BRIEF: Transcribe the whole listing exactly; the images stay out.

DATASET EXCERPT:
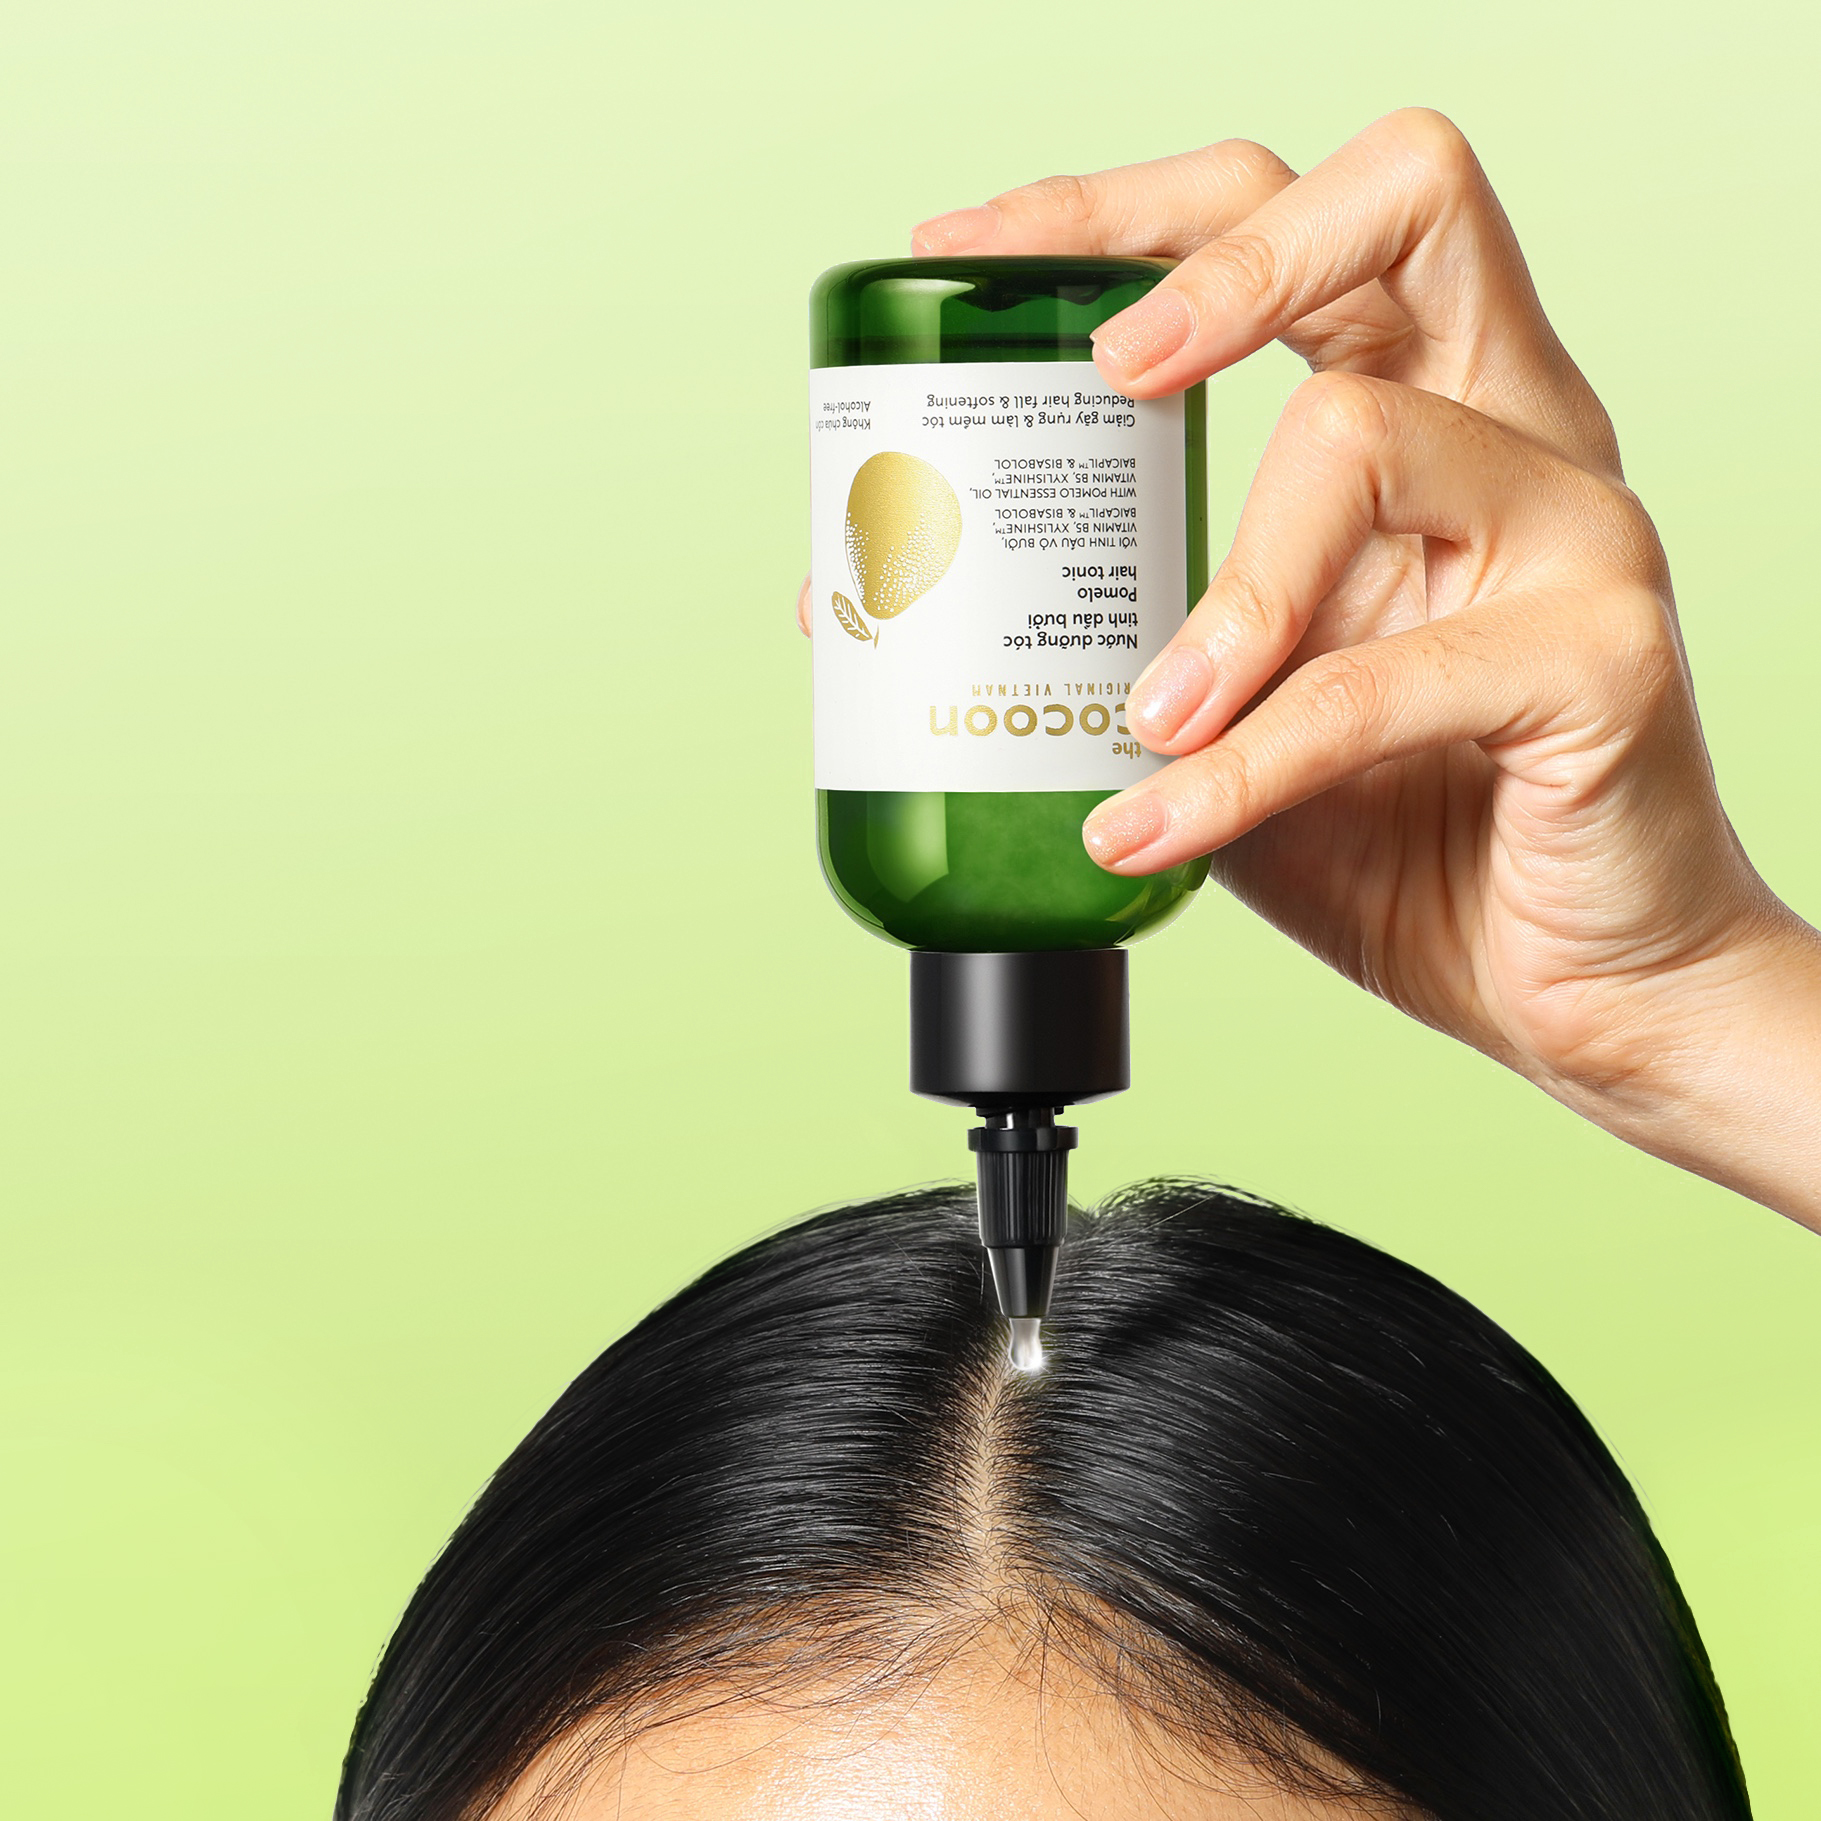 Nước dưỡng tóc tinh dầu bưởi Cocoon Bản Nâng Cấp giúp giảm gãy rụng hỗ trợ tóc 140ml
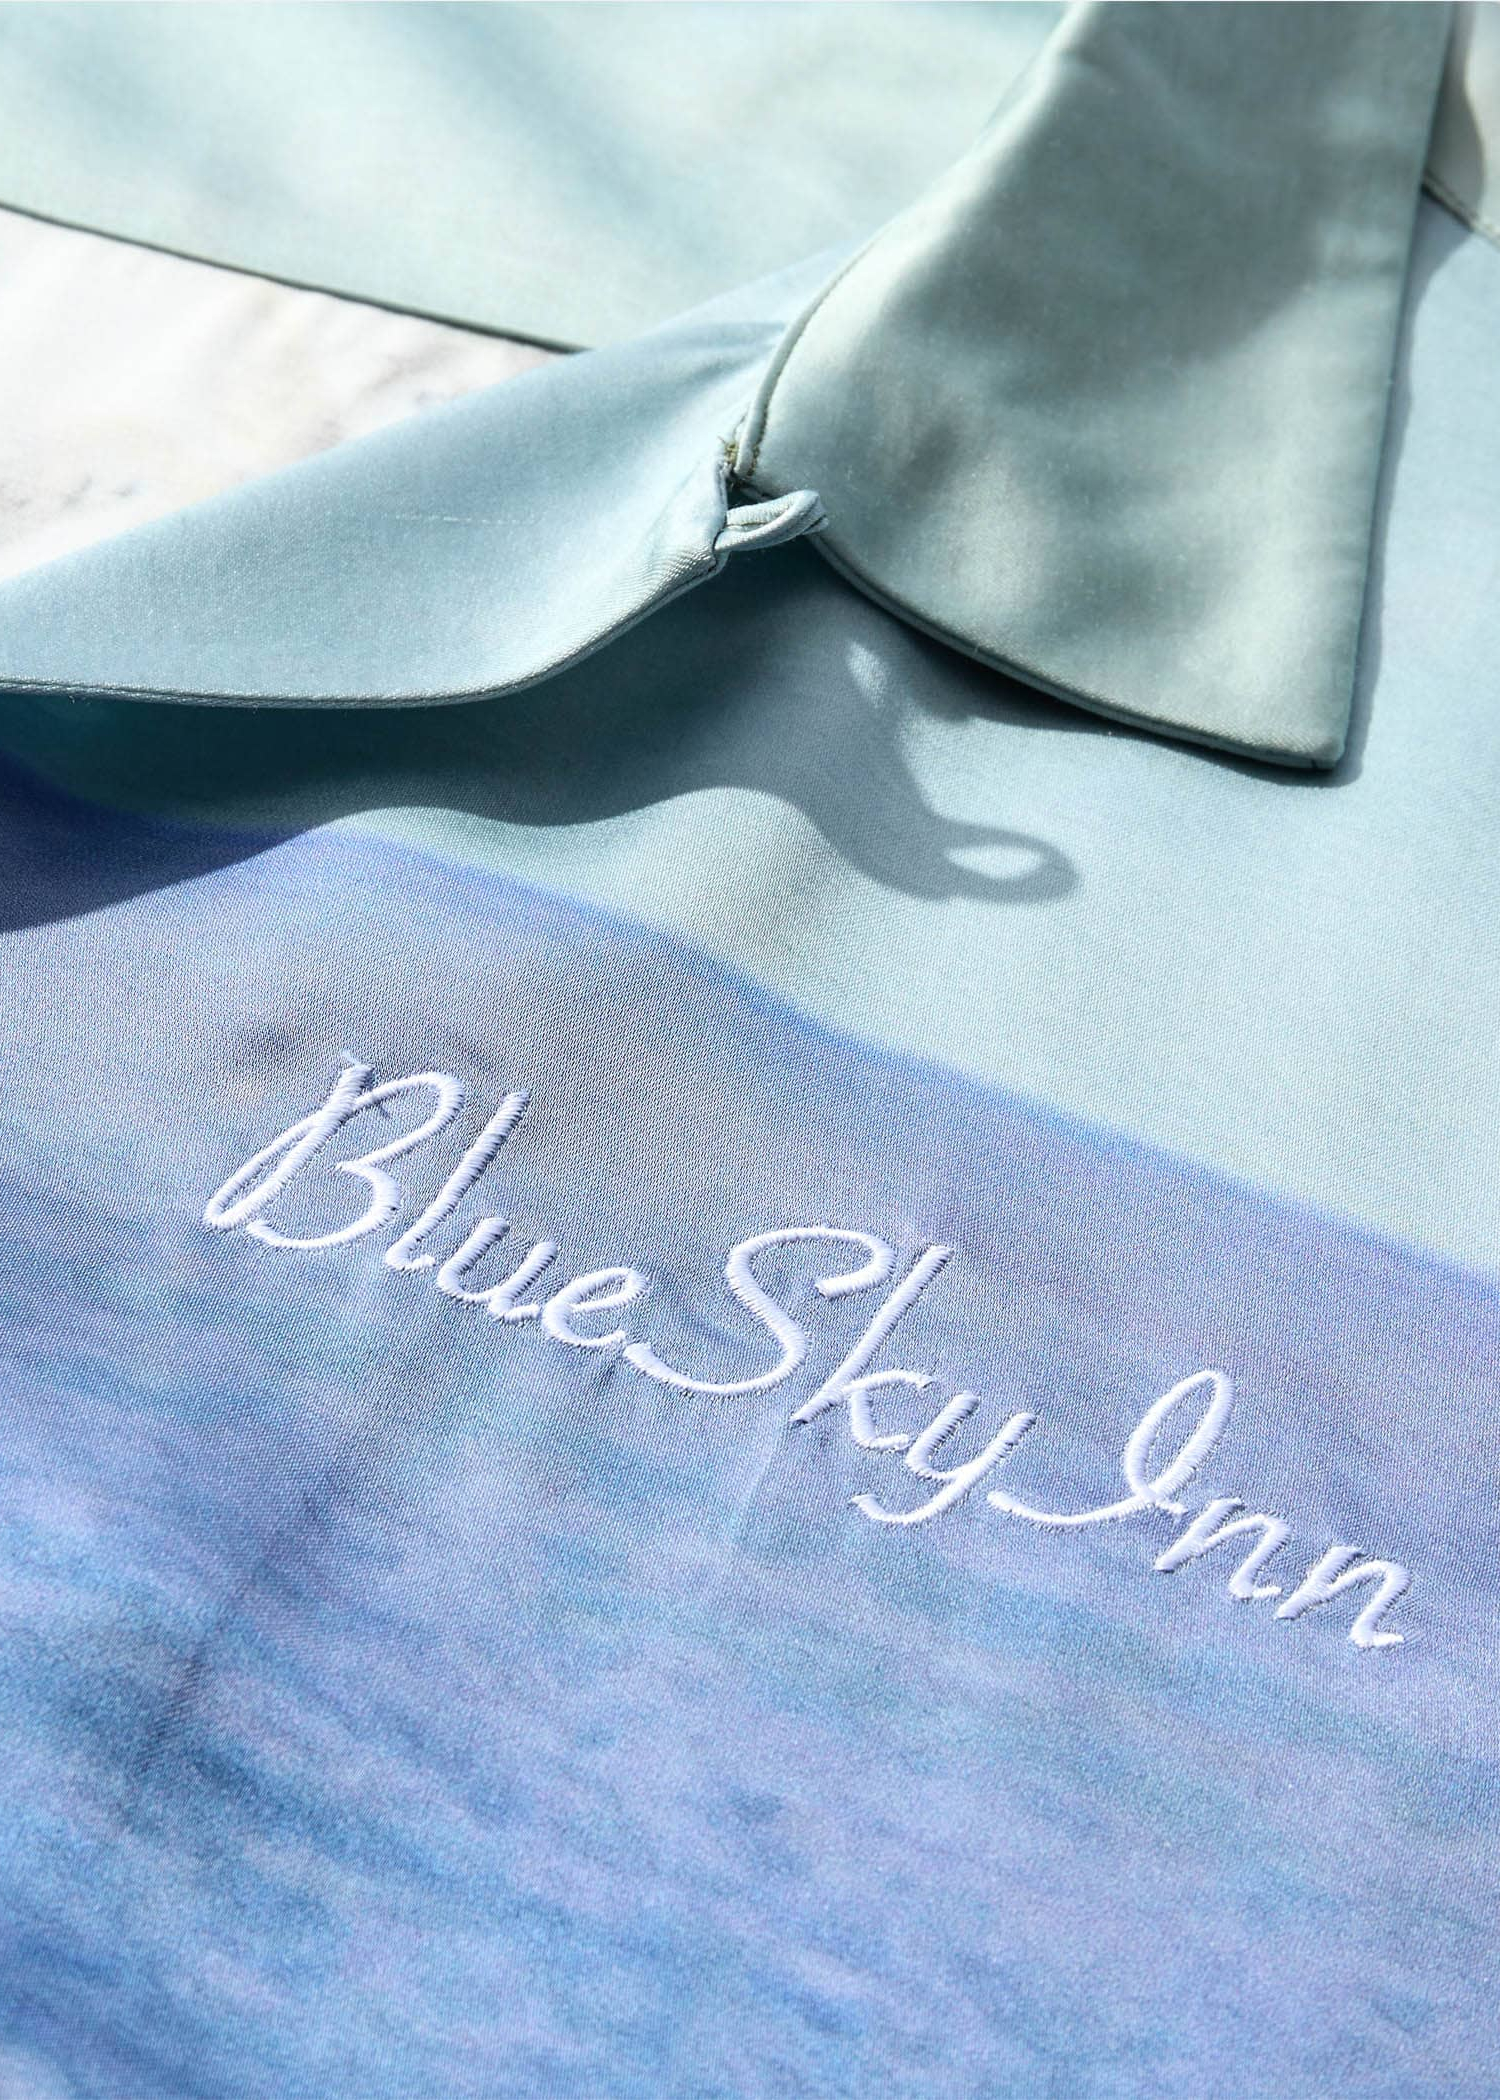 Blue Sky Inn Banzai Pipeline Shirt
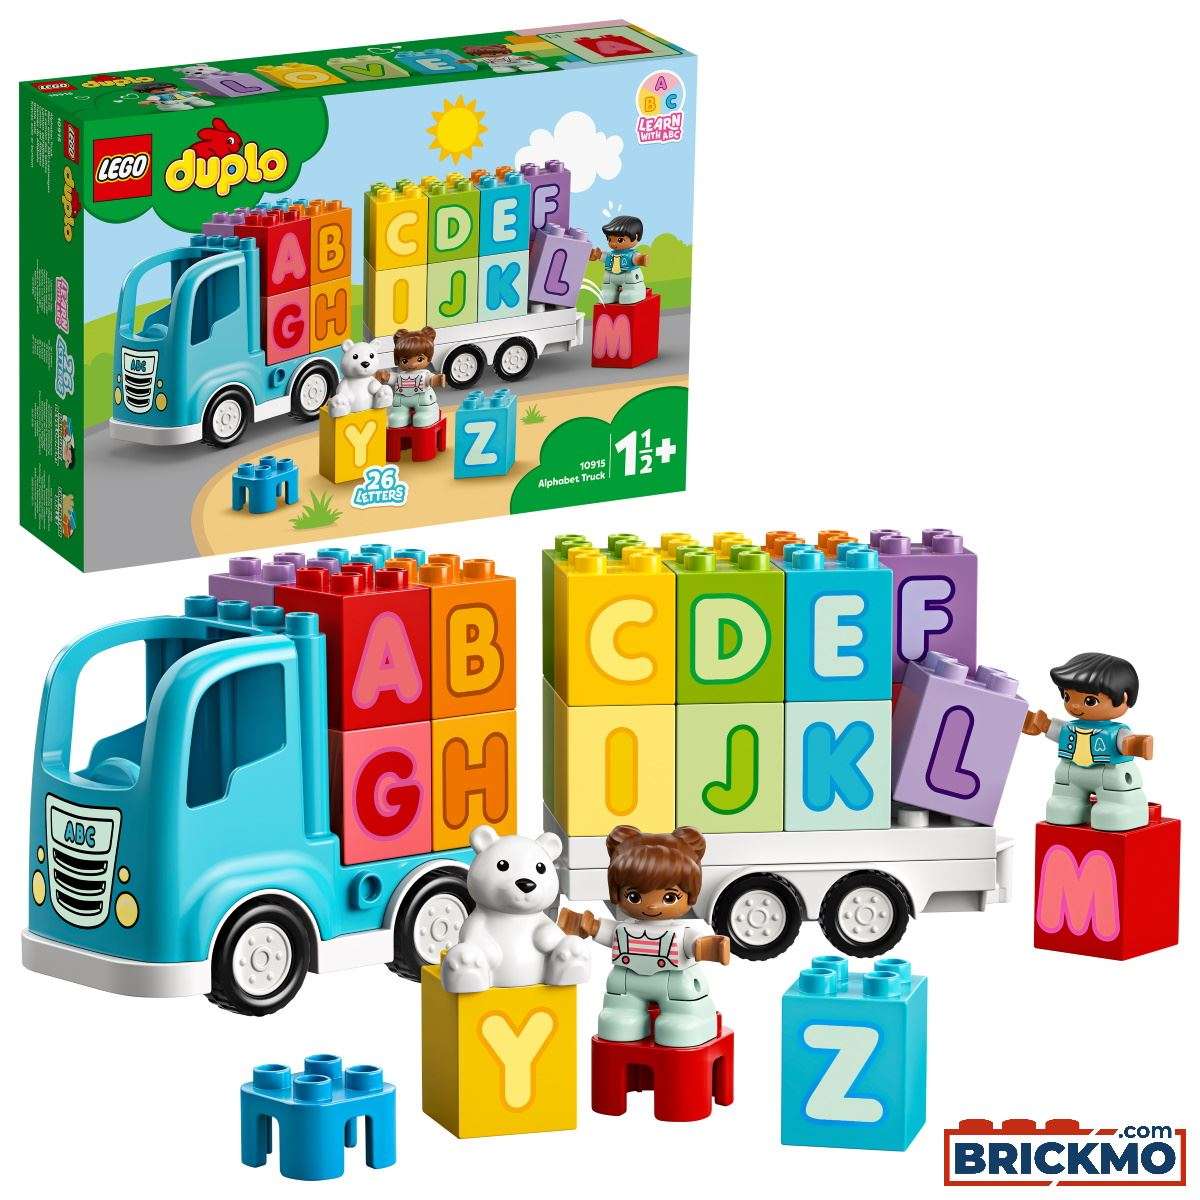 LEGO Duplo 10915 Mein erster ABC Lastwagen 10915

ANSWER FOR THE TASK:
 Nước dưỡng tóc tinh dầu bưởi Cocoon Bản Nâng Cấp giúp giảm gãy rụng hỗ trợ tóc 140ml
 Blue Sky Inn Banzai Pipeline Shirt
 LEGO Duplo 10915 Mein erster ABC Lastwagen 10915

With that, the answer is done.